Organisms, communities and ecosystems are continuously exposed to variations of weather components, namely, solar radiation, temperature, atmospheric pressure, humidity, cloud coverage, precipitation, wind speed and direction. These variations may be significant over the short natural cycles of daily and seasonal periods. However, their medians and the squared deviations around the median over a few decades are generally constrained within narrow intervals for each specific geographic location. Those characterise the climate of the specific site (IPCC 2007, IPCC 2013). Therefore climate is just the emergent pattern of weather variations in a specific site over a few decades. If the values, mentioned before, change systematically beyond the typical ranges then, by definition, a climate change is taking place. This raises the question of why climate change, which is a persistent change of the median values of weather components, generally lower than the short term variance of weather variability, has a significant impact on ecosystems.

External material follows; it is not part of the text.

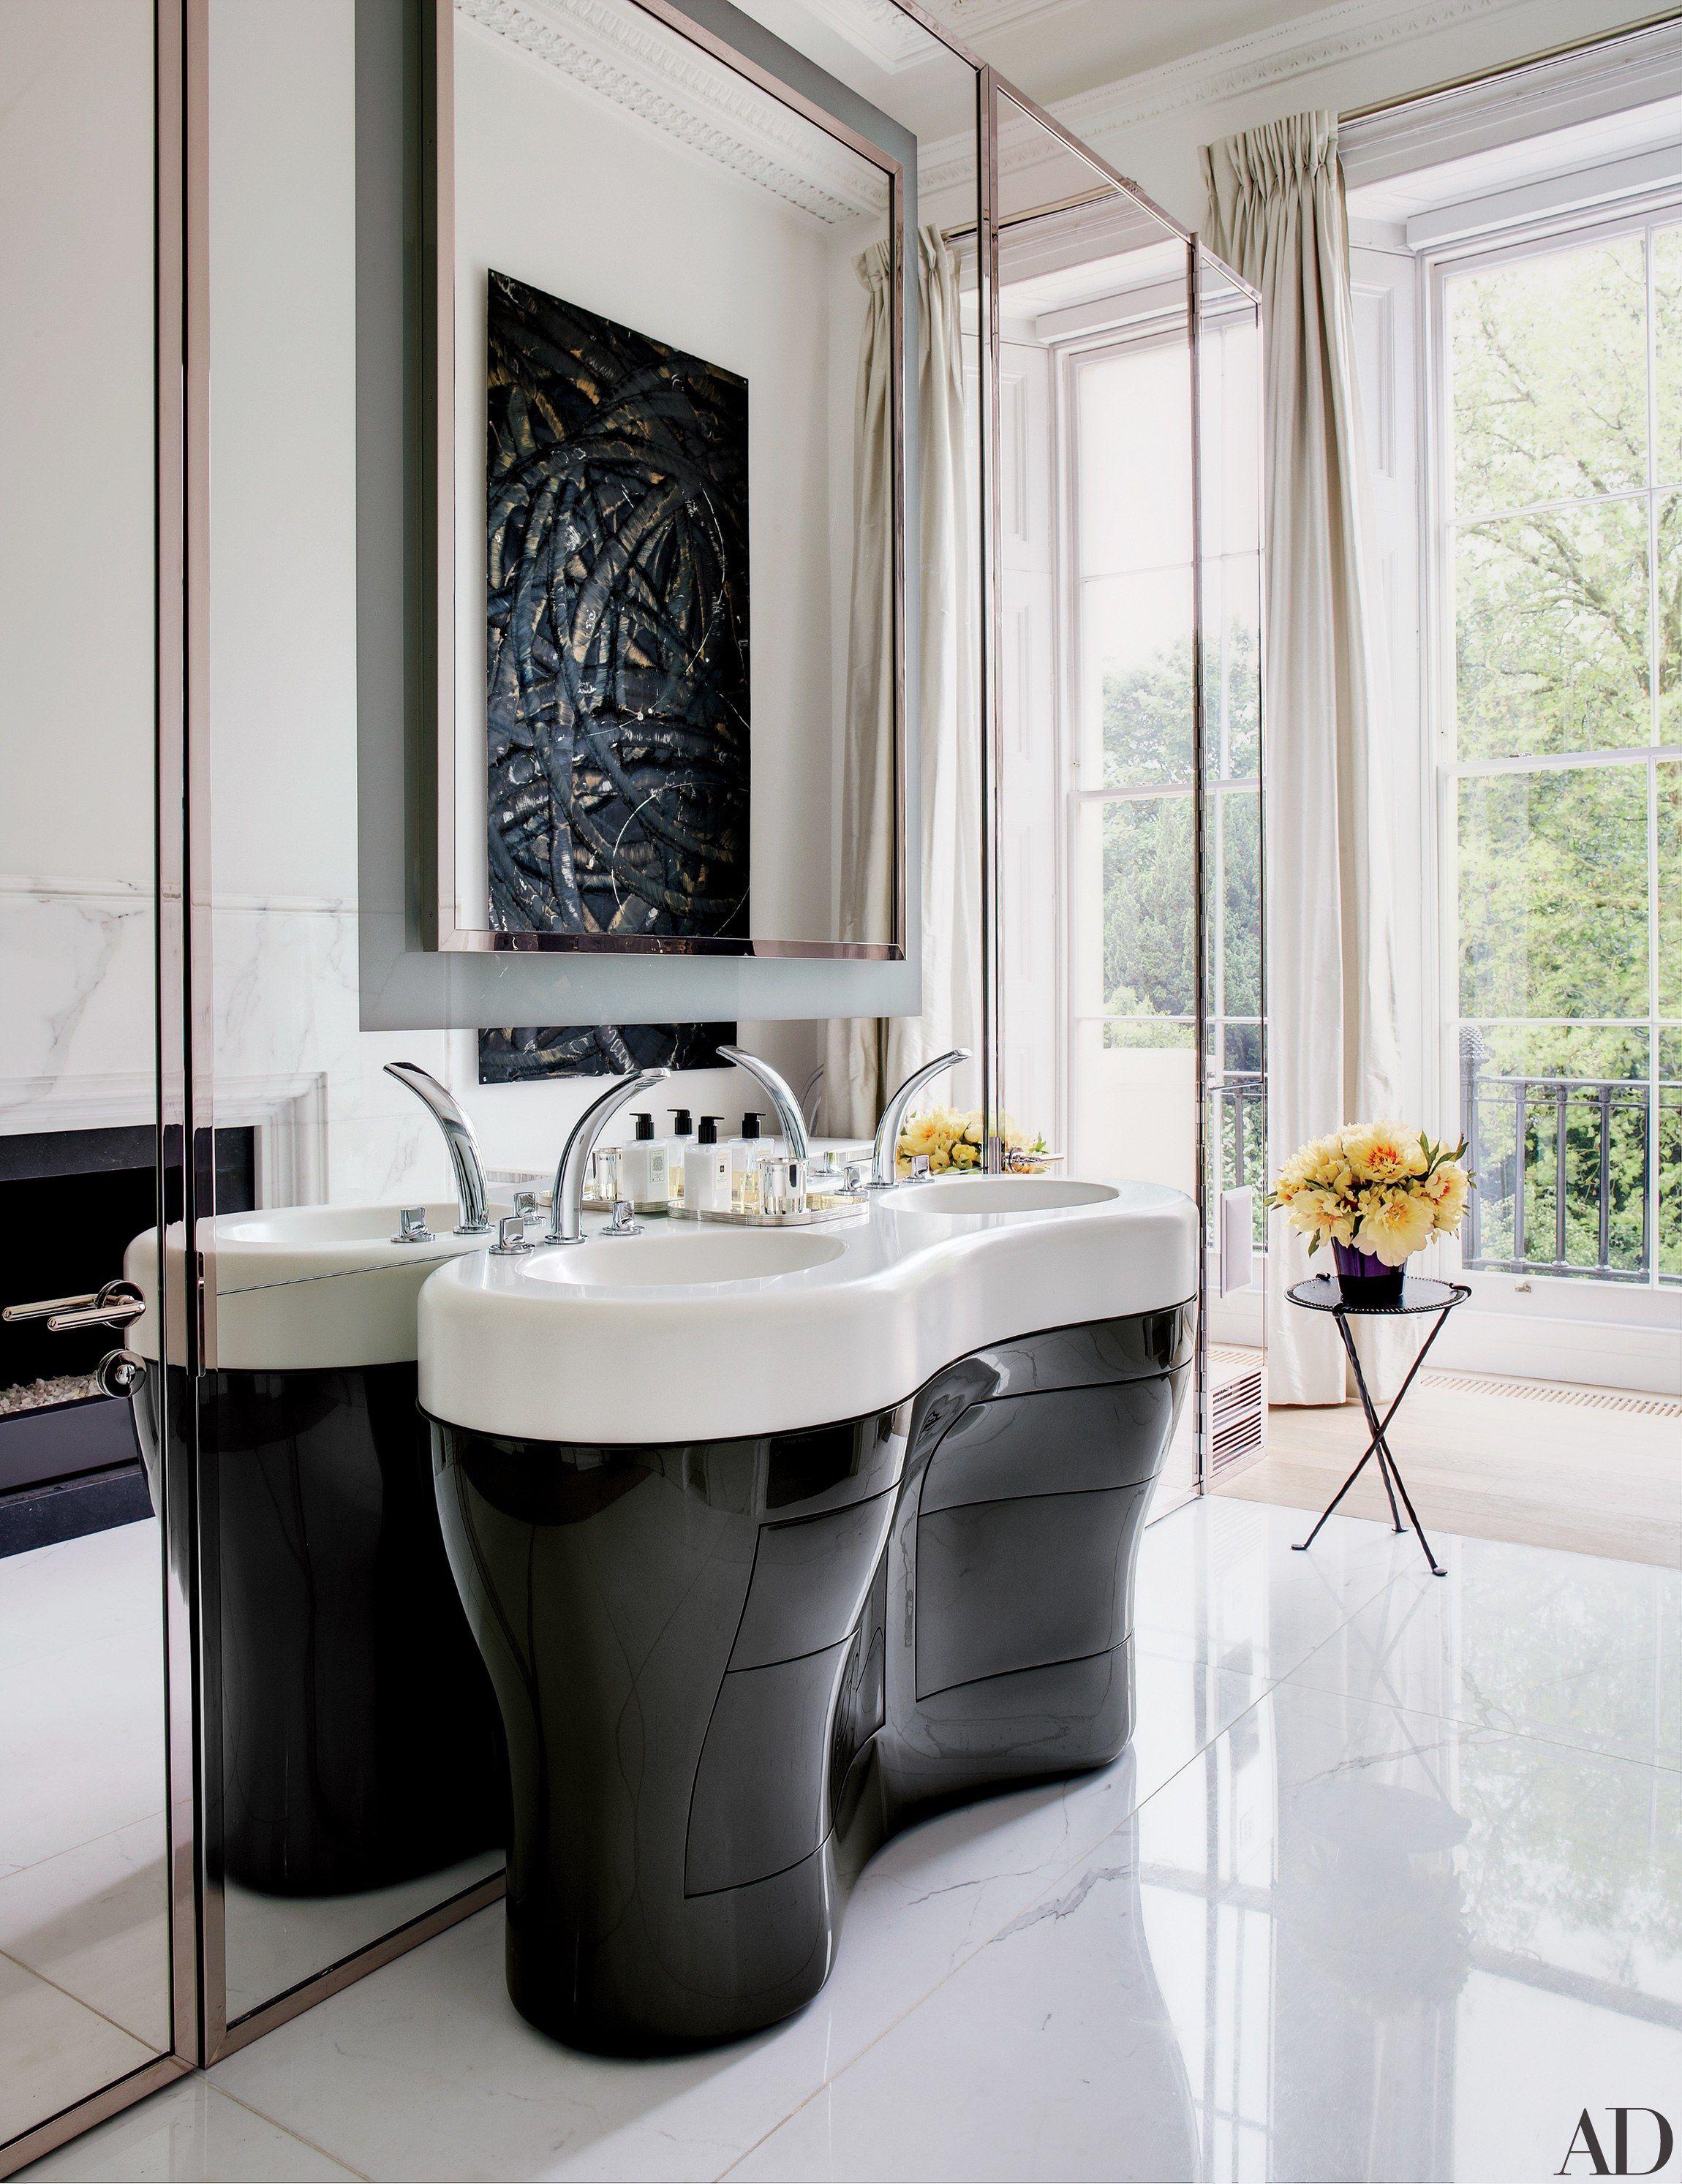 16 rooms for black and white decor inspiration interior design rh pinterest com

The weather components listed above are all abiotic processes/variables of the atmosphere or the sun. The reciprocal feedback between abiotic atmospheric processes and biota has been well established in the last decades (IPCC 2013) but, by tradition, we still speak of climate forcing and ecosystem response. The reason may be that three of the key processes that affect the climate system, the radiation emission by the sun, directly and the earth rotation and tectonics, sensu lato, indirectly, are substantially out of the control of biota.

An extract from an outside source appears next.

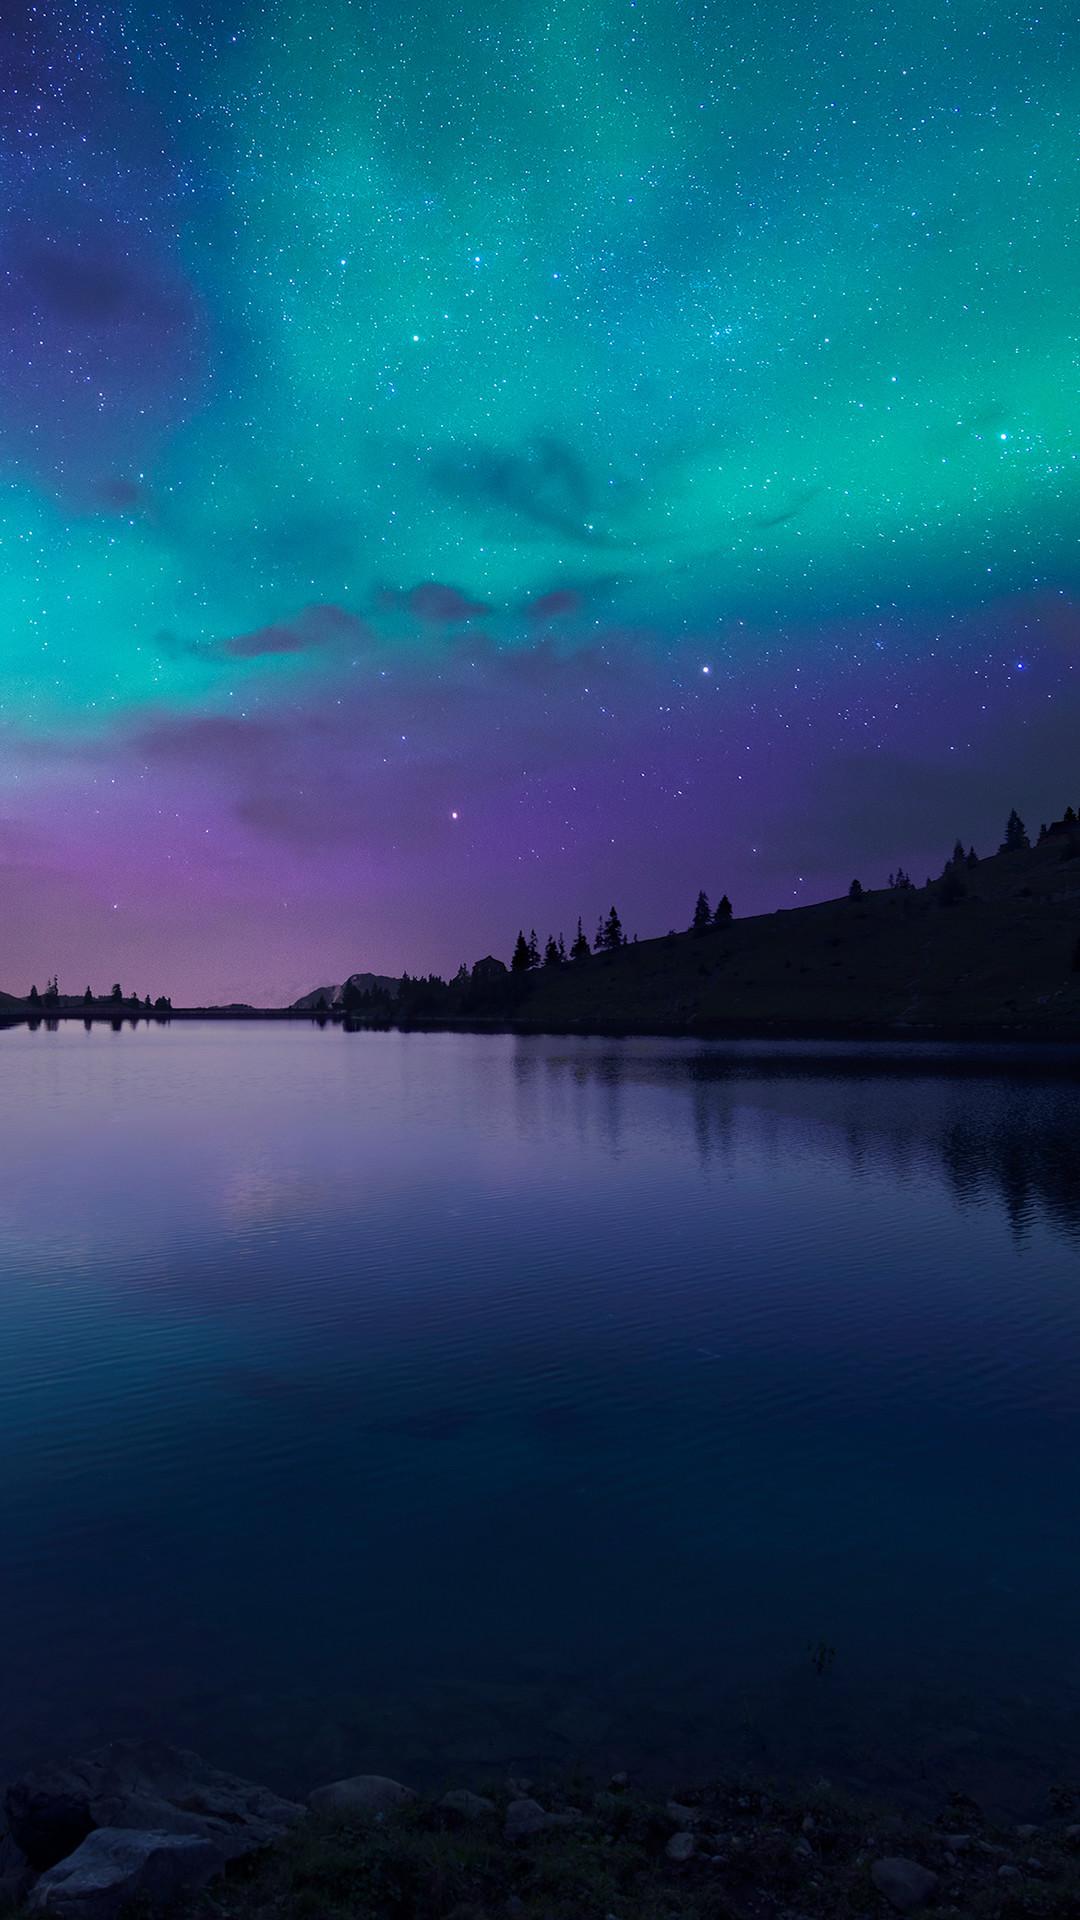 night gall at lake aurora iphone 6

Considering the above definition of climate, another question arises: is a significant climate change presently going on? Recalling the previous statements, climate change means that the weather/climate variables display a persistent change in space and time at regional and global scales. This has always occurred in the past. Primarily because of the orbital coupling of sun-earth system whose main manifestation are the Milankovitch cycles (Berger 1988) or for climate system internal dynamics, such as pluridecadal oscillations (Mann 2007) and also for exceptional events causing dramatic changes in climate leading to drastic reshaping of soil occupation, mass extinctions etc (Whiteside and Grice 2016). Several indicators prove that we are going through a climate change at a global scale (IPCC 2013). The current debate on the issue is focused on whether the present climate change is faster than what could be expected because of ‘natural’ processes, whether this is causing unprecedented shifts on earth ecosystems and, more importantly, whether the anthropogenic activities are causing it. IPCC reports (IPCC 2007, IPCC 2013), as well as numerous studies (Scheffers et al. 2016, amongst others), provide convincing evidence that this is the case for the latter. Therefore, aside from designing prevention and mitigation policies, it becomes relevant to predict how earth ecosystems will respond to this accelerated climate change. This is not an easy task, because of the complexity of natural systems, having a vast number of interactions and non-linear responses that characterise their functioning. This is particularly true for marine ecosystems, which are definitely less known than terrestrial ones. This leads to a further question: do the trends observed in terrestrial systems, which are easier to observe, provide the needed conceptual schemes to predict the response of marine ecosystems to climate change?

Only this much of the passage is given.